Compassion as a Success Strategy

compassion as a success strategy
AUTHOR
Alan Gottlieb, Compositive Staff

Positive emotions like compassion build both grit and grace. And people who do the best are the people willing to share credit and cooperate.

In today’s political environment, one might be excused for concluding that being successful means vanquishing your adversaries in a zero-sum, dog-eat-dog game. But that’s diametrically opposed to the concept put forward in a new book by Northeastern University Professor David DeSteno.

“Emotional Success: The Power of Gratitude, Compassion, and Pride,” argues that positive emotions build both grit and grace.

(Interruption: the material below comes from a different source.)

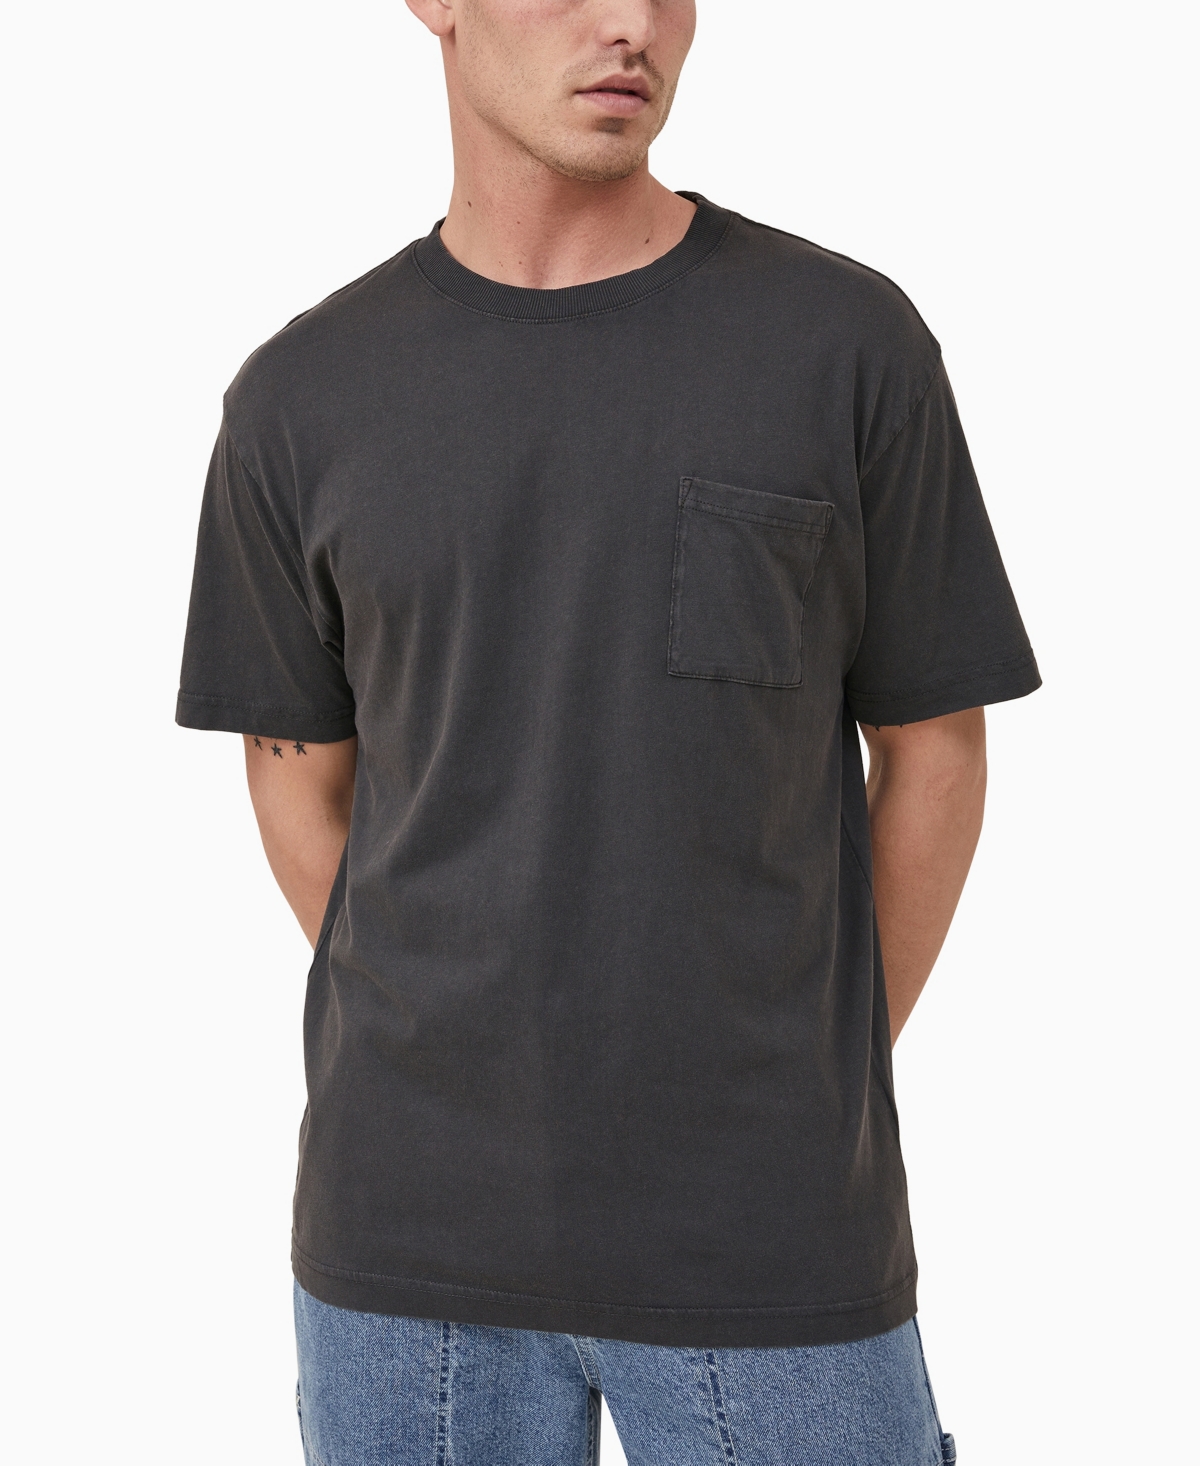 Men's Loose Fit T-Shirt - Washed Black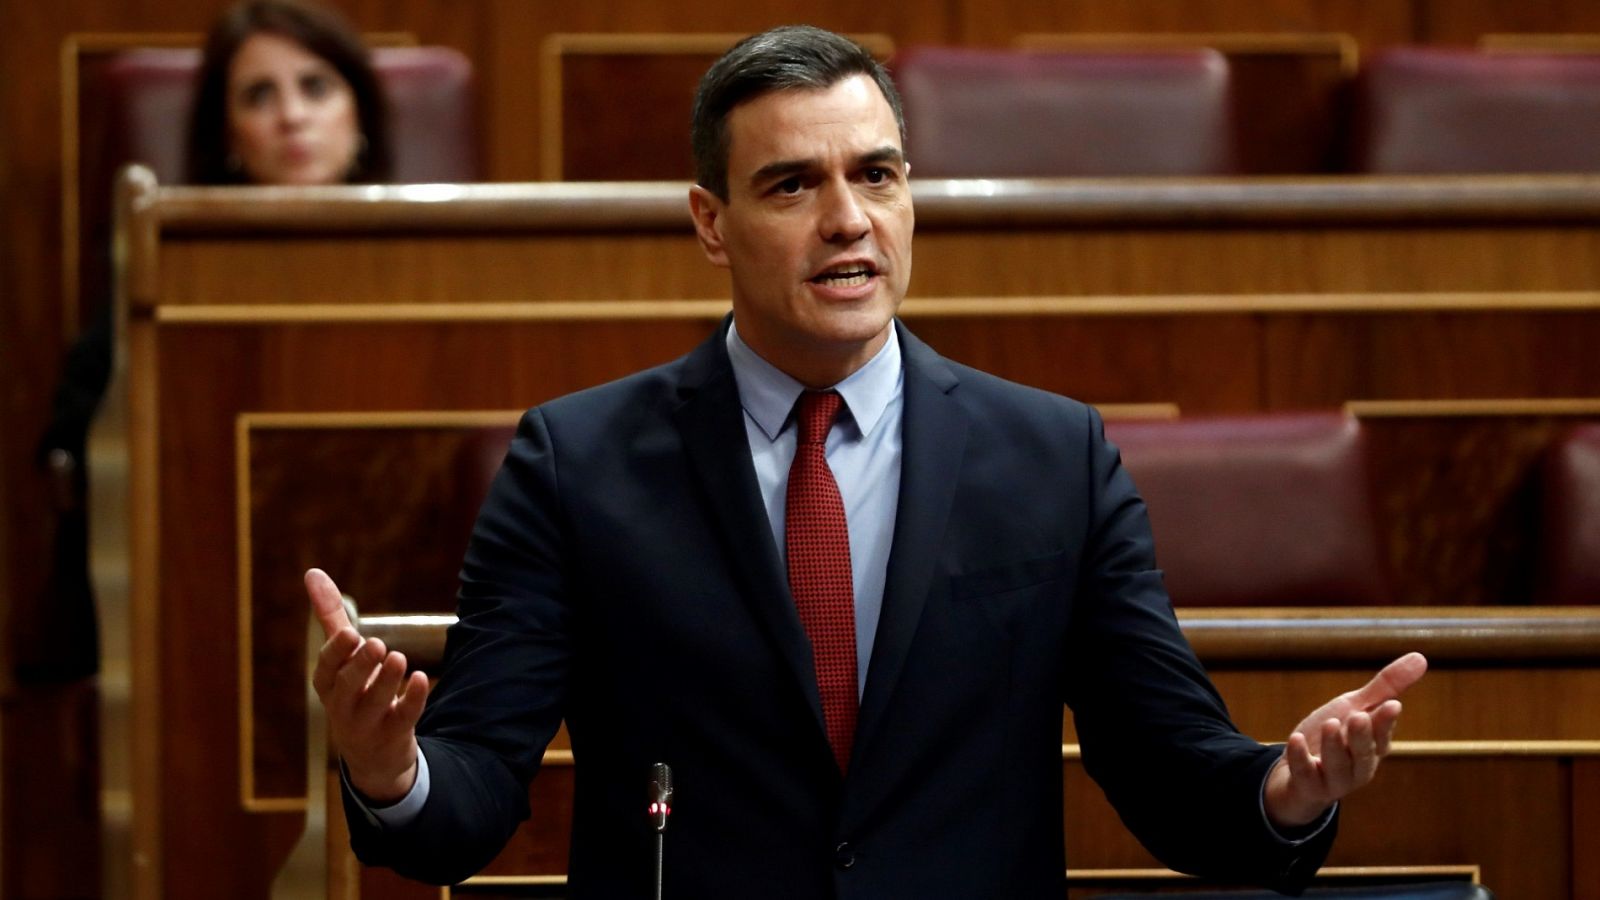 Sánchez pide al PP que abandone "su postura intransigente" y Casado le acusa de "mentir" en la gestión de la crisis - RTVE.es

“…there are a lot of emotions that make us willing to sacrifice, not only to help other people but to help our future selves and to work hard,” DeSteno says in an interview on the Knowledge@Wharton radio program on Sirius XM Channel 111.

“If you think about, where did self-control come from, where did the ability to delay gratification come from so that we could(set) long-term goals?” DeSteno said in the interview. “For millennia it really wasn’t about maxing out your 401(k) or completing the Whole 30 [diet]. Those things didn’t exist. What allowed you to be a success was to have good character—to be honest, to be fair, to pay back your debts, to be reliable.”

When people ask him whether they should “be a jerk or a nice guy” to be successful, DeSteno said he asks them, “What’s your time frame?”

In the short term, if you want to be a jerk, if you take credit for other people and exploit them, you’re going to rise pretty quickly. But it’s going to be very short-lived. All the models we know show that the people who do the best are the people willing to share credit, to cooperate. If you want balanced, long-term success, inculcating these emotions in your teams and in yourself not only will give you grit, but it will give you that social capital to help you succeed.”

Compositive believes that helping your children develop character traits that help build strong and healthy relationships is an essential component of a whole education.